Thousands of cards and card readers have been destroyed in suspicious fires at three INEC offices in central and southeast Nigeria.
And INEC's Yakubu has insisted there is "no evidence that the commission has been sabotaged".
Results are due out early next week.

Security fears
At 76 and 72, Buhari and Abubakar are the oldest of 73 presidential candidates and are standing in what could be the last elections of their long political careers.
Both have been fixtures on Nigeria's political landscape for decades, through the turbulent years of military government to the return to civilian rule in 1999.
Just over half of all registered voters are aged 18-35, reflecting the country's increasingly young population.
Buhari has again positioned himself as the candidate to tackle multiple security challenges, including Boko Haram, and endemic corruption.

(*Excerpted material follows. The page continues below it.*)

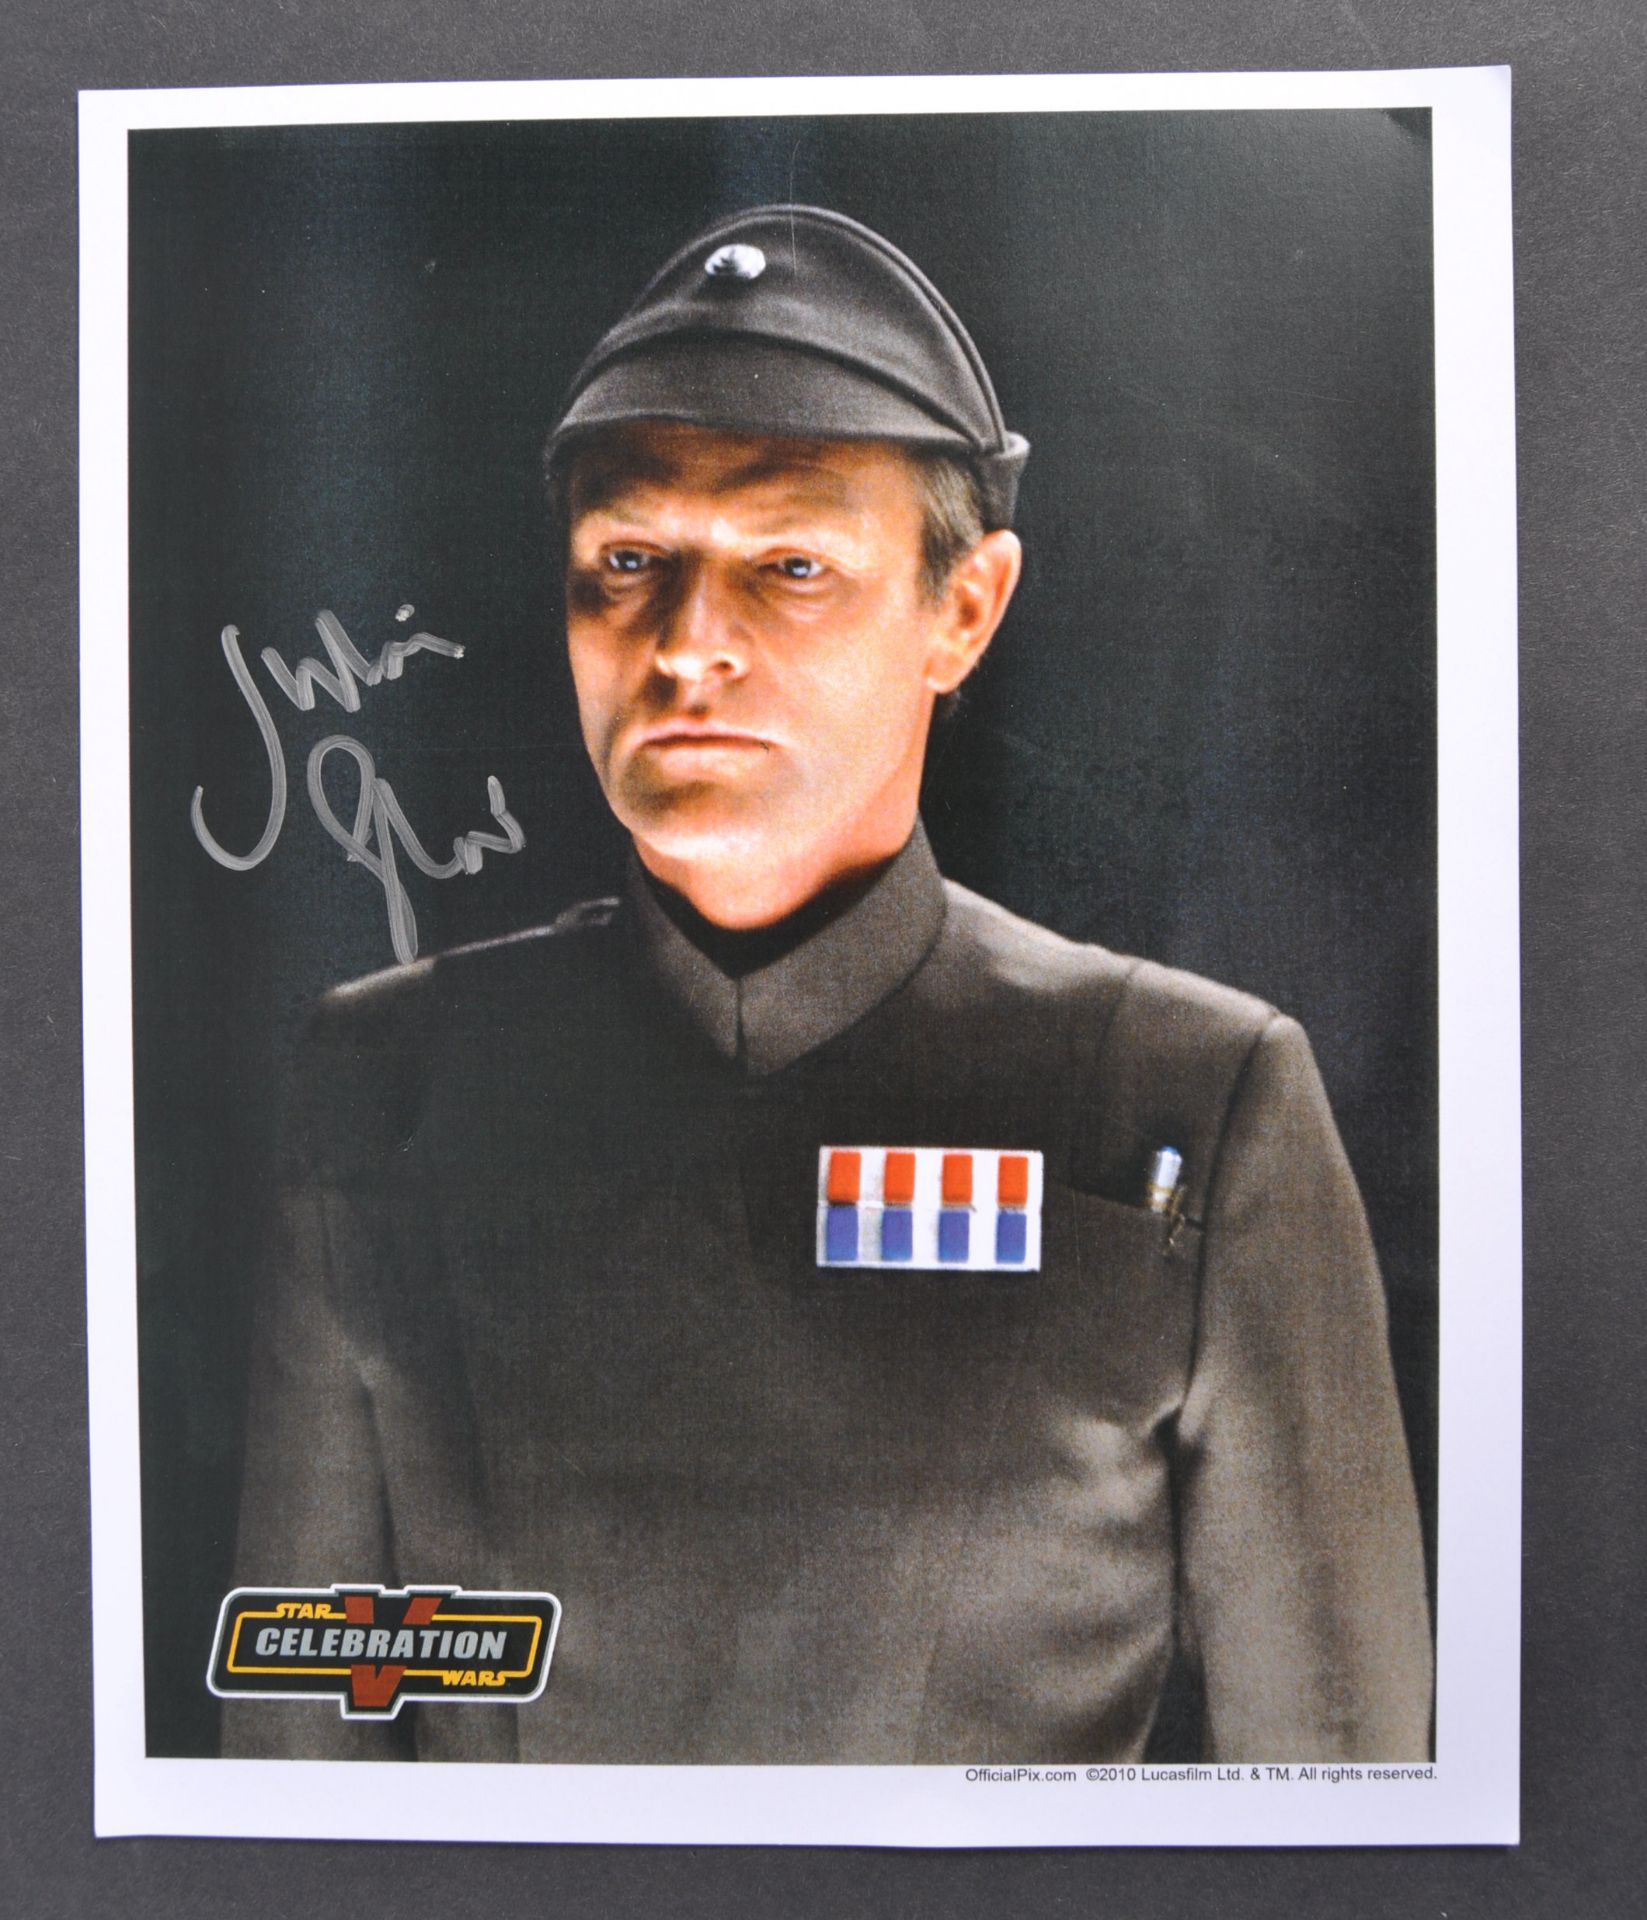 STAR WARS THE EMPIRE STRIKES BACK - JULIAN GLOVER AUTOGRAPHED PHOTOGRAPH

He also wants another four years to complete much-needed road and rail infrastructure projects and expand social mobility schemes, including micro-finance for the poorest.

Abubakar, meanwhile, is seen as a pro-business free marketeer, whose main pledges have been to privatise state-run companies and float the embattled naira currency.
The past has come back to haunt both candidates, with Abubakar dogged by his alleged links to corruption cases in the United States and Buhari facing claims of creeping authoritarianism.
Earlier this month, Buhari suspended Nigeria's chief justice after he was charged with failing to declare assets.
But with the Supreme Court he presides over likely to rule on any election dispute, many suspected a political motive.